– А что дочь свою тянешь, не бросаешь, хоть и великовозрастная девица, это ты молодец, Александр. Уважаю, – вздохнул полпред, и, обойдя стол, сел рядом с ним. – У меня, знаешь, сын младший тоже не подарок. Читал, небось, оттоптались газеты по мне в своё время… Ты уж не обессудь, я тут справки навёл про твою. Должен же я знать, с кем работать буду. Не подарок, не подарок… Вот скажи мне, Александр, – неожиданно завёлся полпред, – вот, в кого они такие?! Откуда в них всё это взялось?! Эти пьянки, наркотики, музыка эта… Я даже послушал одну песню, про «Маму»… Ты меня извини… – махнул он рукой. – Да ты и сам в курсе… Твоя хоть просто похабщину поёт. Мой человека вот инвалидом на всю жизнь оставил, и хоть бы хны… Папа вытянет, папа поможет… Вот папы и тянут всю жизнь за них.
– Я тут, Александр, вот что придумал, – стряхнул он с себя отцовскую безысходность. – Между нами говоря, дочь твоя мстила прохиндею этому правильно. Далеко зашла, правда, выруливать сложно будет. Но надо выруливать. Ты говорил, что краевед тот коллекцию свою городу подарил, да? Ну вот! Я думаю, правильно будет новому музею русско-армянской дружбы, что мы в «Монастырской свече» разместим – гениально ты, кстати, придумал, зол был на тебя, потому сразу не сказал – так вот, музею этому давай имя присвоим твоего краеведа. Как его?
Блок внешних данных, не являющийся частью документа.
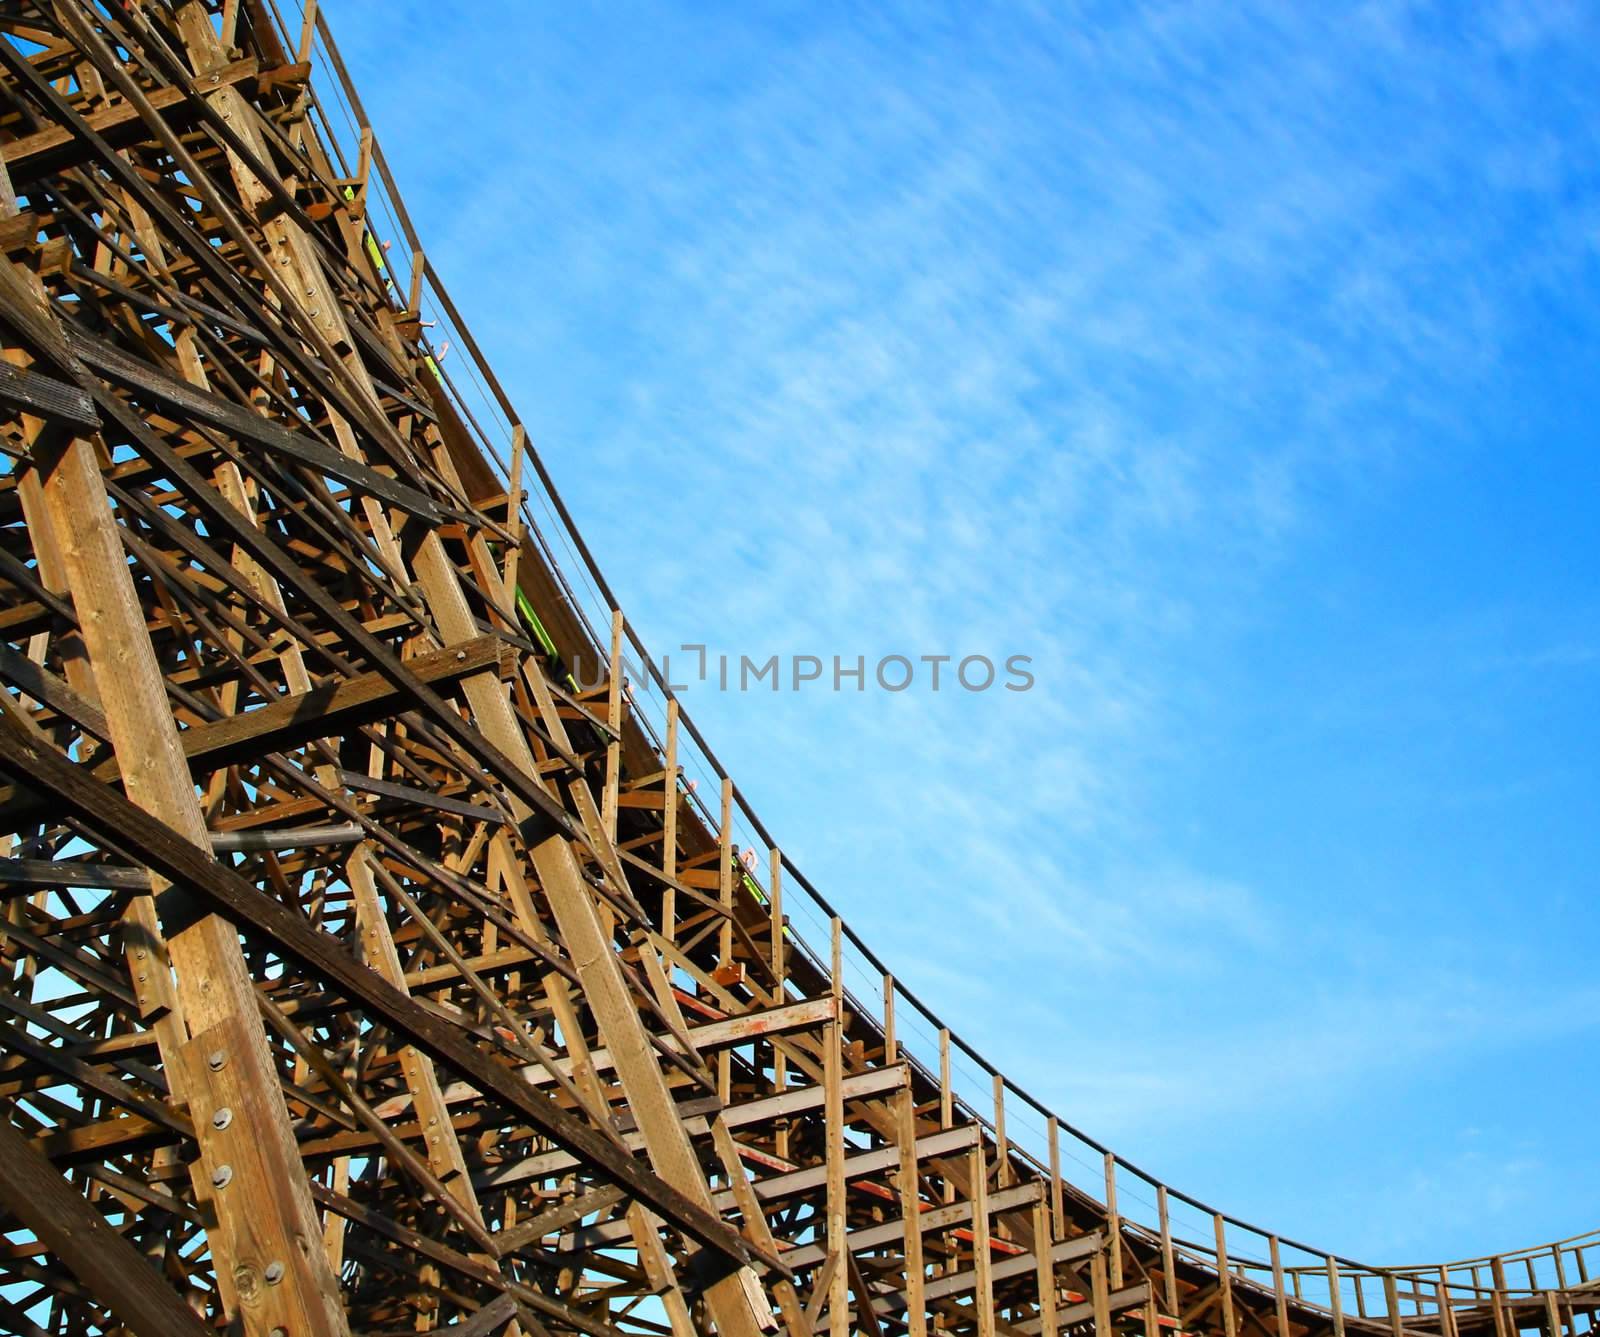 Scary joy ride down an old giant wooden roller coaster on a beautiful day at the amusement park.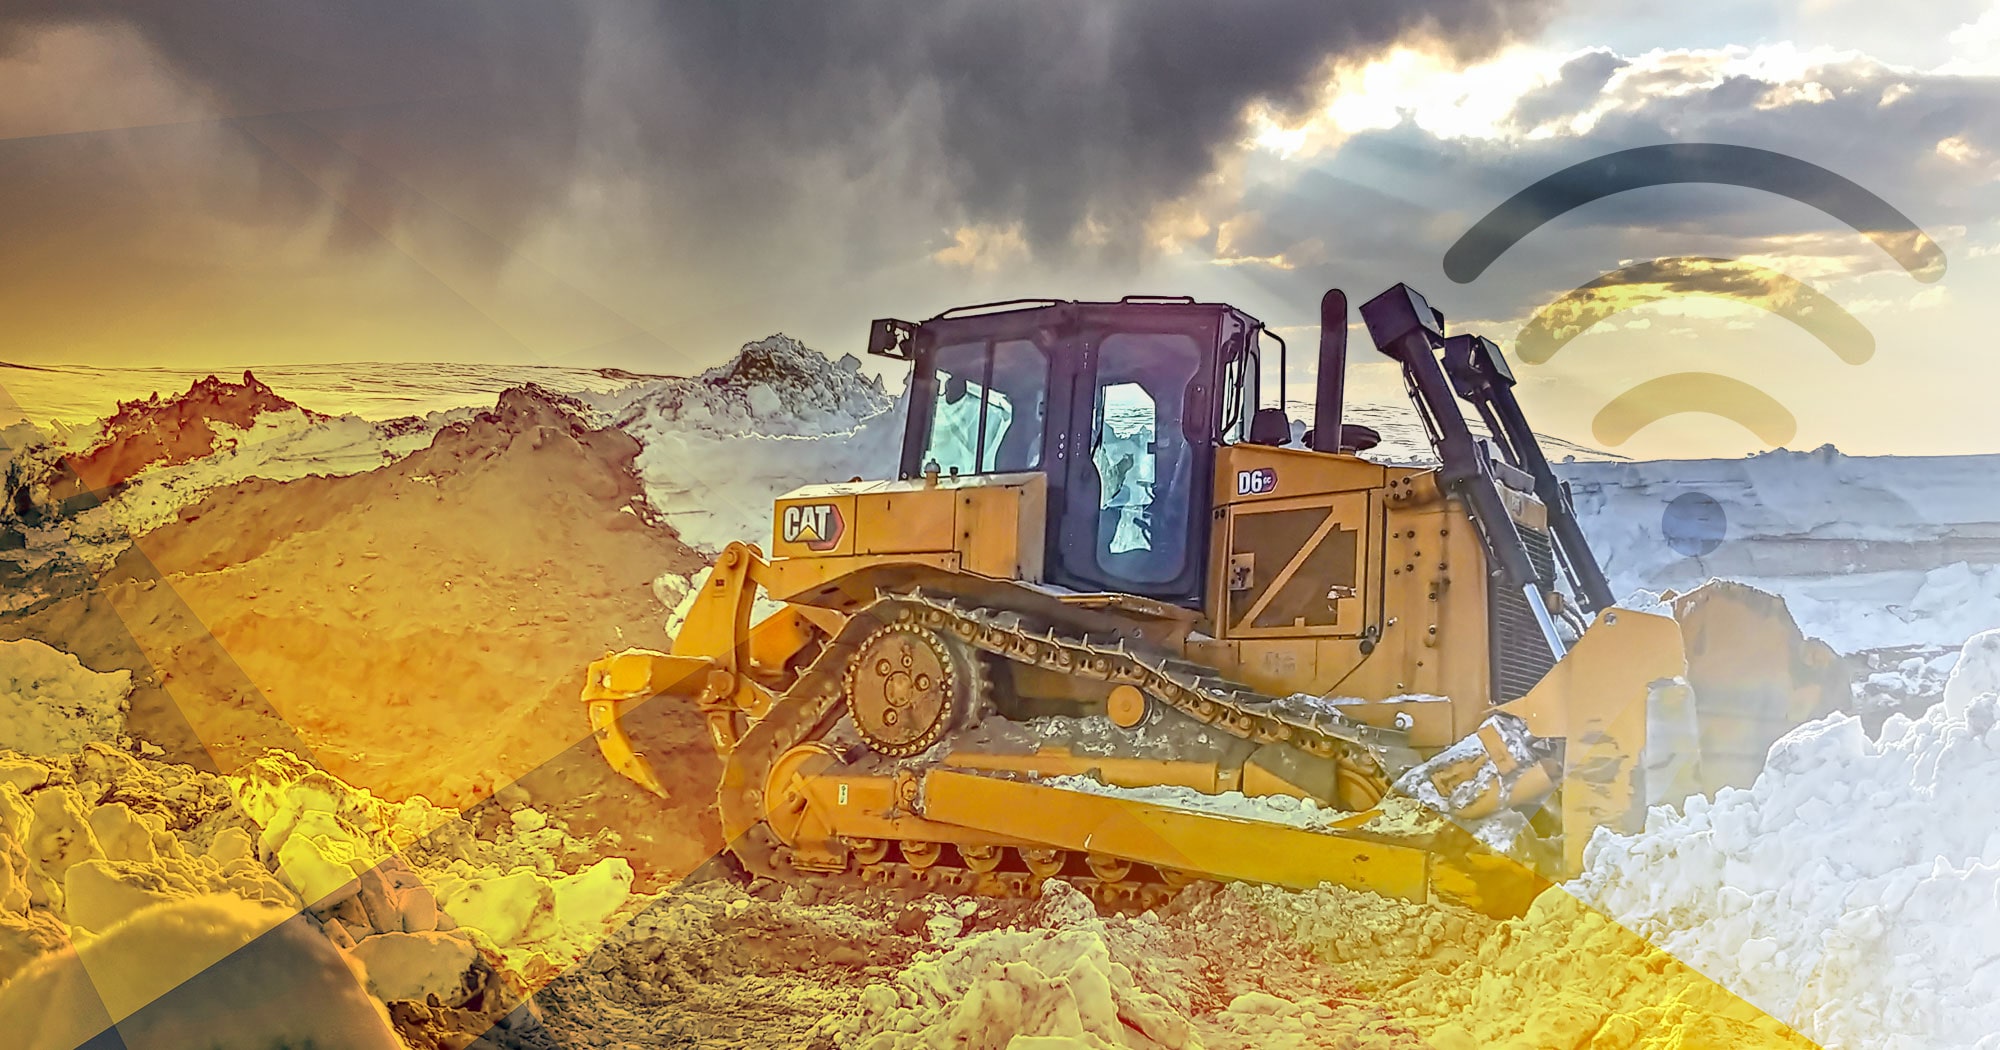 Moving mountains of data - tech in the construction industry image

– Вартанян Рубен Эдуардович.
– Как тебе идея?
– Мне нравится.
– Ну да, я узнавал, человек, говорят, крайне достойный. А почему нет-то? Кстати! Ты вот сомневался, когда лучше торжественную закладку первого камня «Монастырской свечи» делать, так вот, правильно я тогда решил, что День города для этого лучше всего подходит: людей в парке будет много, пусть все сопричастность к большому делу почувствуют. Вот там-то про музей русско-армянской дружбы имени Рубена Вартаняна и надо будет сказать. Я лично это сделаю, приеду и объявлю со сцены после закладки, – пообещал полпред. – Во сколько там всё намечается, какой сценарий?
– В воскресенье в три часа начало. Первые полчаса – концерт рок-группы для разогрева публики, чтобы народ на музыку к сцене подтянулся со всего парка. Затем полчаса – торжественная закладка «Монастырской свечи», приветственные речи, а потом снова рок-концерт до вечера.
– Рок-группа небось твоей дочери? – понимающе усмехнулся полпред. – Ладно-ладно, я ничего против не имею. Дети ведь… – помолчал он. – Ты только девочке своей объясни правильно, что всё, война закончилась. Папа всё сделал, прохиндея сковырнул, отомстил, память увековечил. Всё.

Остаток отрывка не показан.